Les quelques 14.000 étudiants préparant actuellement l'examen d'entrée à une école d'avocat (EDA) au sein d'un Institut d’Études Judiciaires (IEJ, centre de préparation rattaché à une Faculté de Droit) vont plancher pour la dernière fois selon les modalités récemment remises en cause par les pouvoirs publics.
Cet examen (à l'issue duquel, contrairement à un concours, il faut obtenir un moyenne arithmétique de 10 / 20 pour se voir délivrer le précieux sésame permettant de s'inscrire dans une EDA), est jusqu'alors organisé au sein de chaque IEJ.
Sur la base d'études statistiques qui ont mis en lumières d'importantes différences (dans une mesure pouvant aller de 1 à 5) dans les taux de réussite des étudiants, le gouvernement a souhaité modifier les modalités d'organisation des épreuves afin de garantir l'égalité entre les candidats.
Si le but de cette réforme paraît louable, d'aucuns ne manqueront pas de souligner que sa portée pourrait être bien plus limitée. D'une part, force est de constater que les moyens dont disposent les IEJ sont relativement disparates. D'autre part, quand bien même les sujets seront établis par une Commission Nationale composées d'avocats et d'universitaires nommés pour 3 ans, les corrections resteront effectuées localement et confiées au IEJ (quand bien même une grille de correction sera annexée au sujet). Enfin, un étudiant reste libre de s'inscrire auprès de l'IEJ de son choix.

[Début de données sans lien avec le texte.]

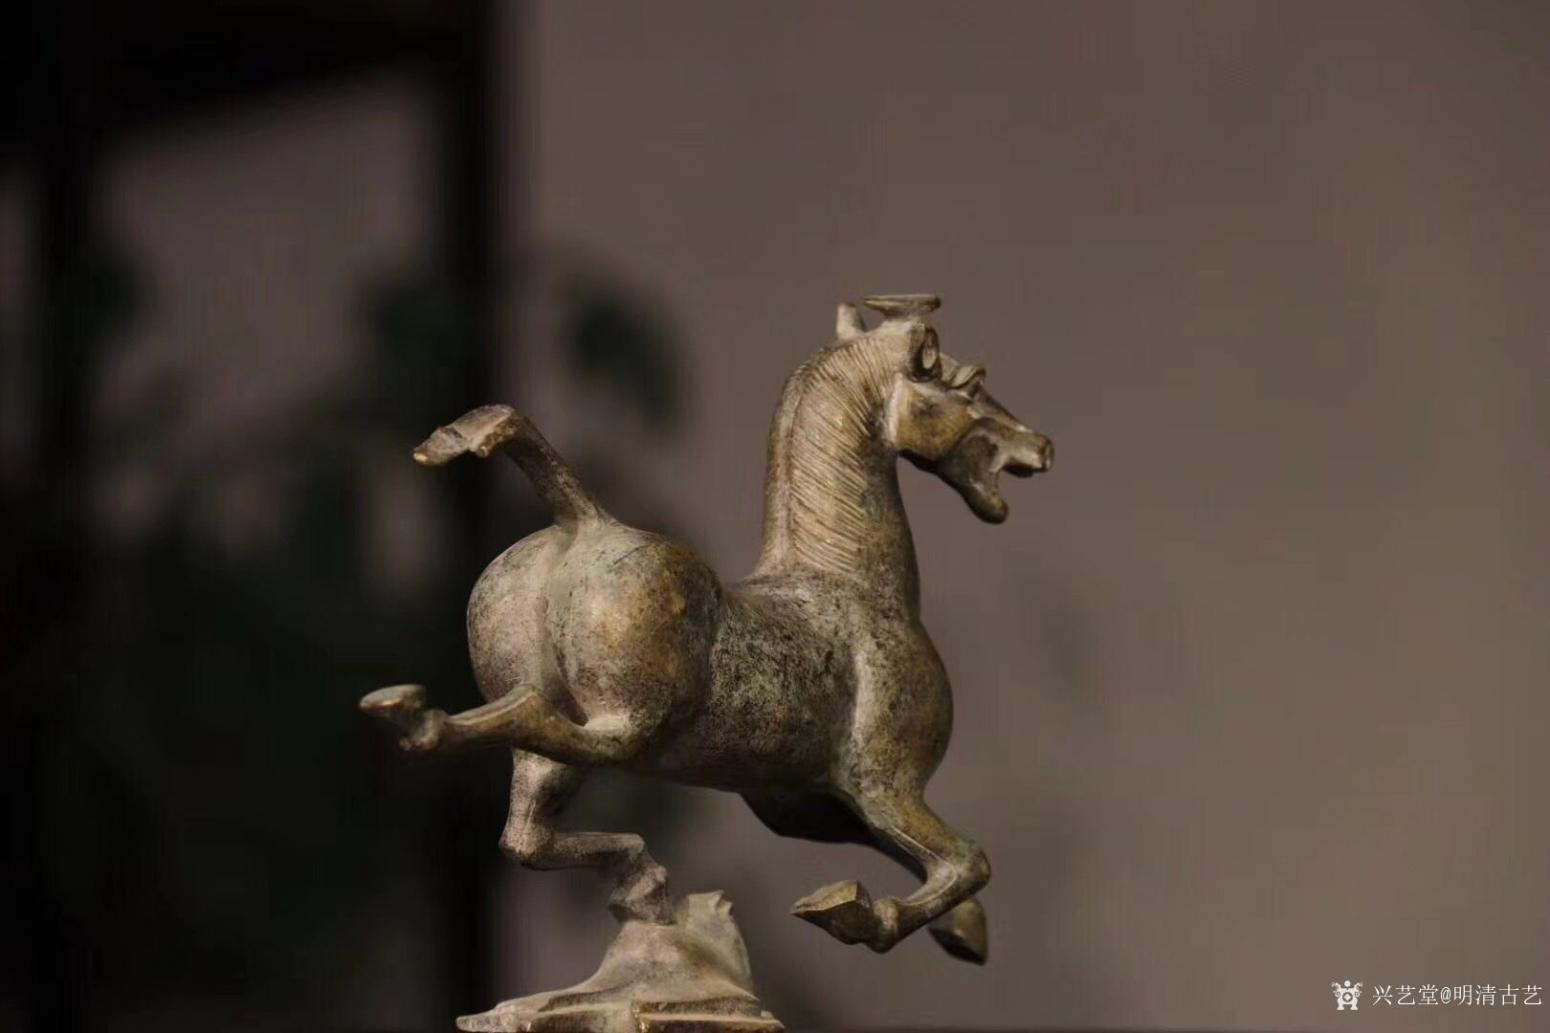 明清古艺雕刻作品《马踏飞燕.铜》【图5】
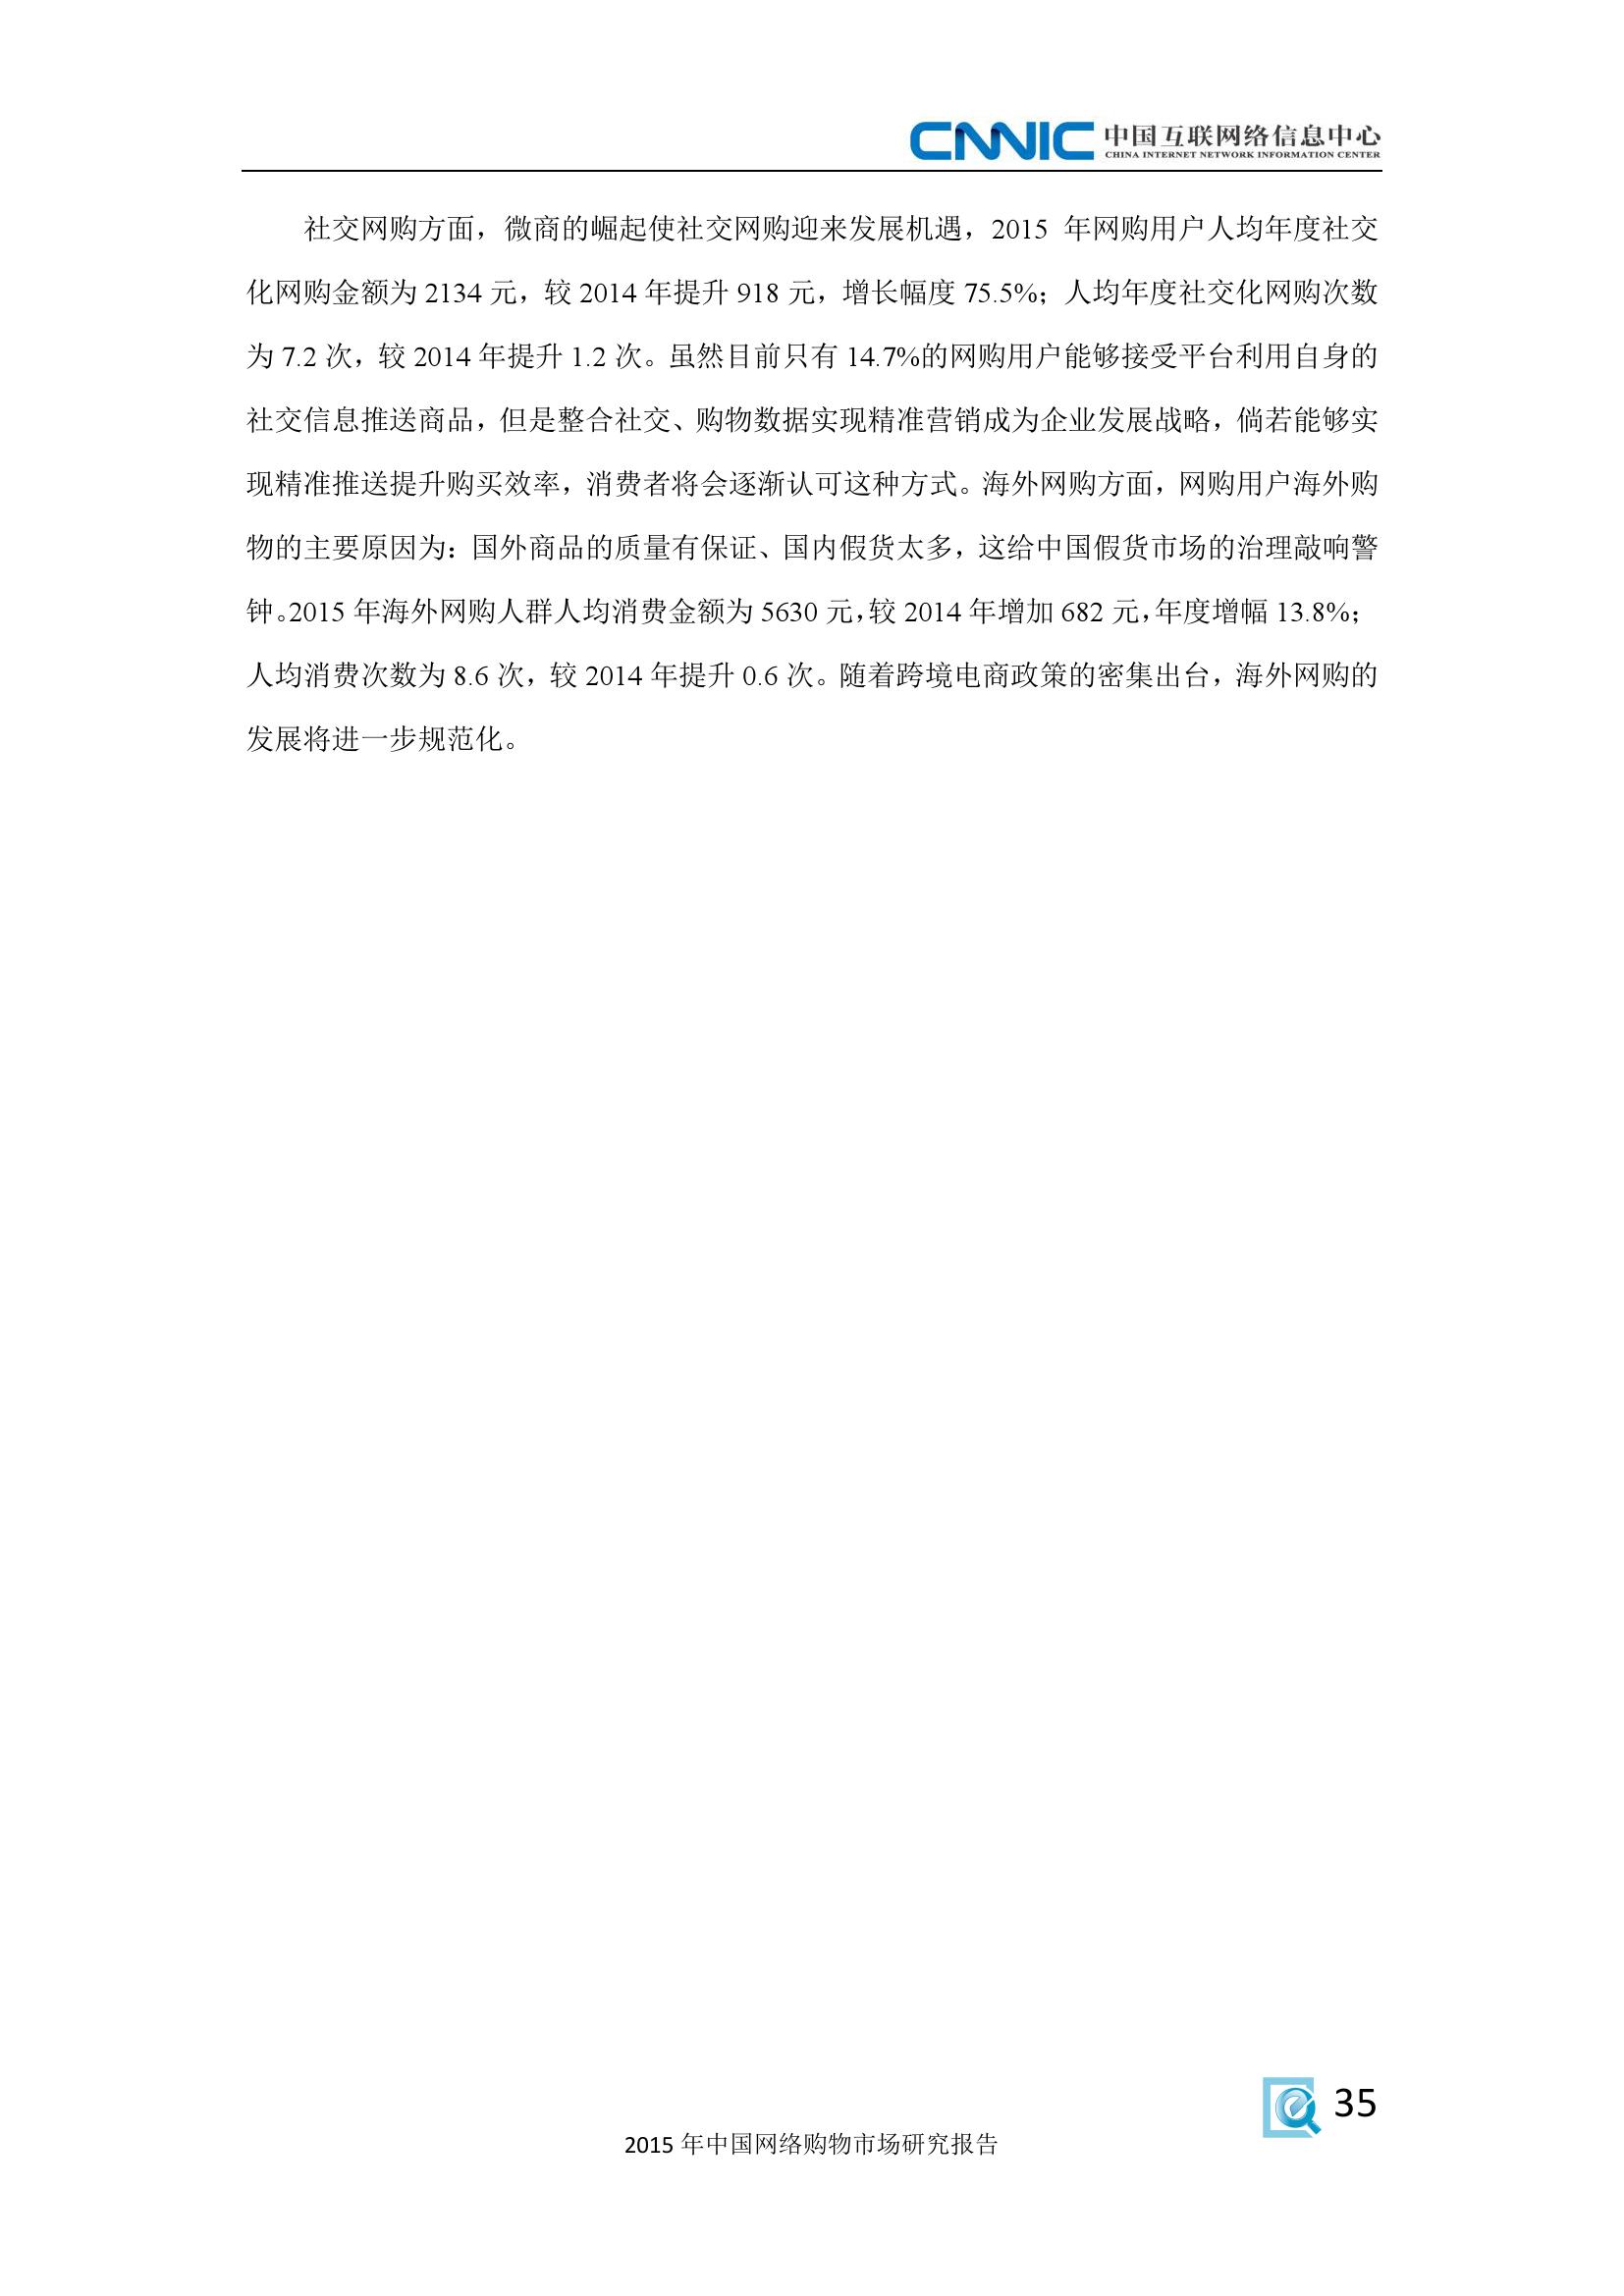 2015年中国网络购物市场研究报告_000043

Rien ne permet d'ailleurs d'affirmer que le pourcentage de reçus par IEJ sera nivelé par le biais de cette réforme.
Au-delà des critiques fondées sur les taux de réussite, la réforme de l'examen d'entrée est surtout le moyen de sélectionner les futurs élèves-avocats sur des types d'épreuves identiques, ce qui n'était pas nécessairement le cas. Au-delà de la différences entre le sujets, la nature des épreuves pouvaient également varier.
En effet, certains IEJ choisissaient notamment de faire composer leurs candidats sur des épreuves de commentaire d'arrêt, d'autres sur des consultations.
Sur ce point, la réforme est particulièrement bienvenue d'autant que l'épreuve de consultation juridique est généralisée dès les épreuves d'admissibilité sur la base d'une thématique au choix du candidat (droit civil, droit pénal, droit social, droit des affaires ou droit public).
De même, les candidats composeront également sur une épreuve de note de synthèse et sur une épreuve de procédure (civile, pénale ou de contentieux administratif).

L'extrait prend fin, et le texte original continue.